Esta trayectoria y perfil heterodoxos, sobre todo en tiempos de crispación, extrema polarización y ausencia de modales con que dispensarse a los rivales, no solo nacen de un talante forjado en el mostrador de una lechería al cabo derrotada por los años, y cuyos dueños no se esforzarían hoy en disimular su gozo paterno/maternal. Se afianzan en una reflexión intelectual y docente continuada.
A Subirats, contrariamente a esa legión atraída por las cosas de la política, le seduce la política de las cosas: las políticas públicas. Las que buscan resolver problemas, no crearlos.

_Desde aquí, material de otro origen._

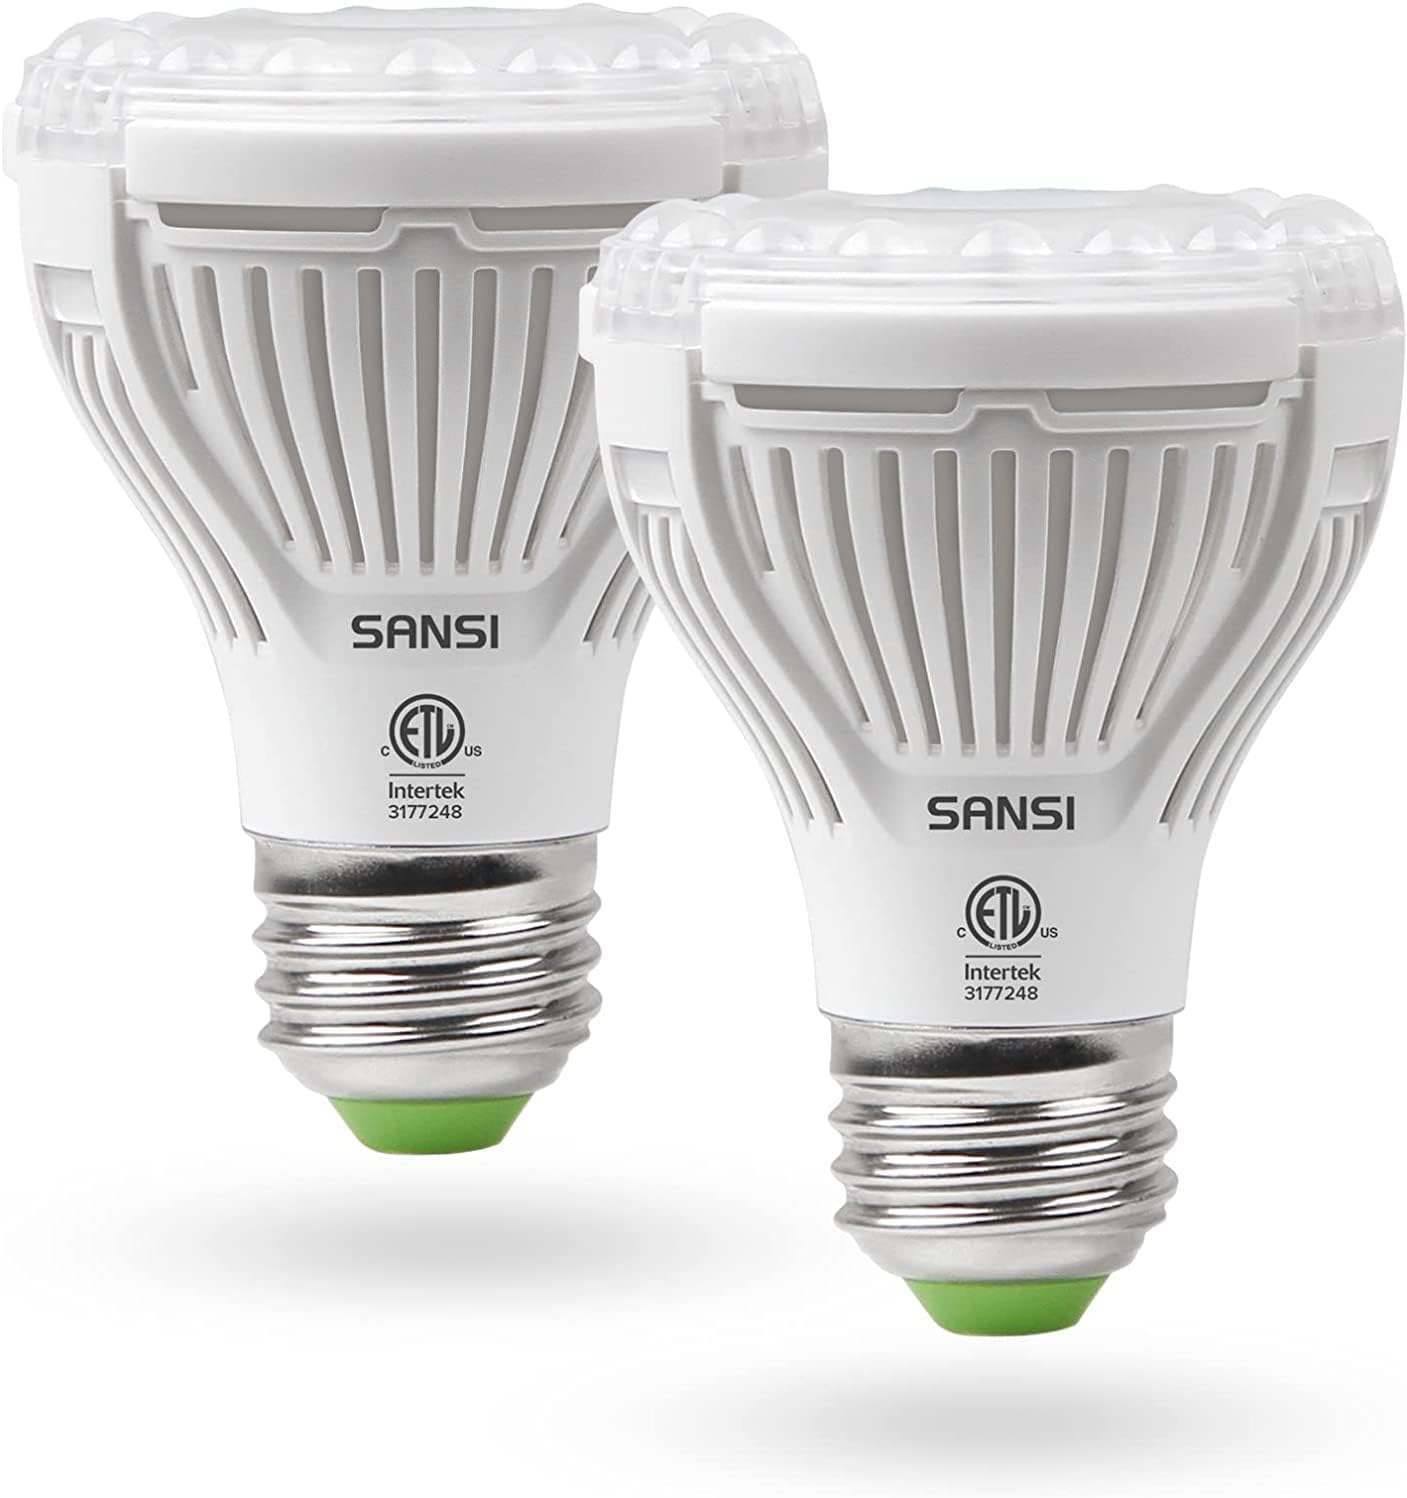 SANSI LED Grow Light Bulb for Seeds and Greens, Full [...]

Las que parten de su lema, popularizado por el añorado Josep Maria Pallàs, según el que casi “todo es provisional y nada es definitivo”. Su libro capital es Análisis de las políticas públicas (1989), que sirvió de pauta al intento de la reforma administrativa de Joaquín Almunia.
Dos decenas de libros más, muchos en colaboración; infinidad de cursos como profesor visitante (en La Sapienza, Berkeley, Nueva York o Argentina); estudios del Institut de Govern i Polítiques Públiques, IGOP —que fundó en 2009—, y su dirección de 51 tesis doctorales sobre gobernanza, vivienda o municipalismo, acreditan su adicción a las pequeñas grandes reformas, locales, sujetas a prueba/evaluación, antes que a una Reforma solitaria. Por un motivo doble: el interés en la eficacia de la acción pública (más que por su retórica) y la necesidad de allegarle apoyo de opinión. De todo eso son testigos sus asiduos lectores en este periódico.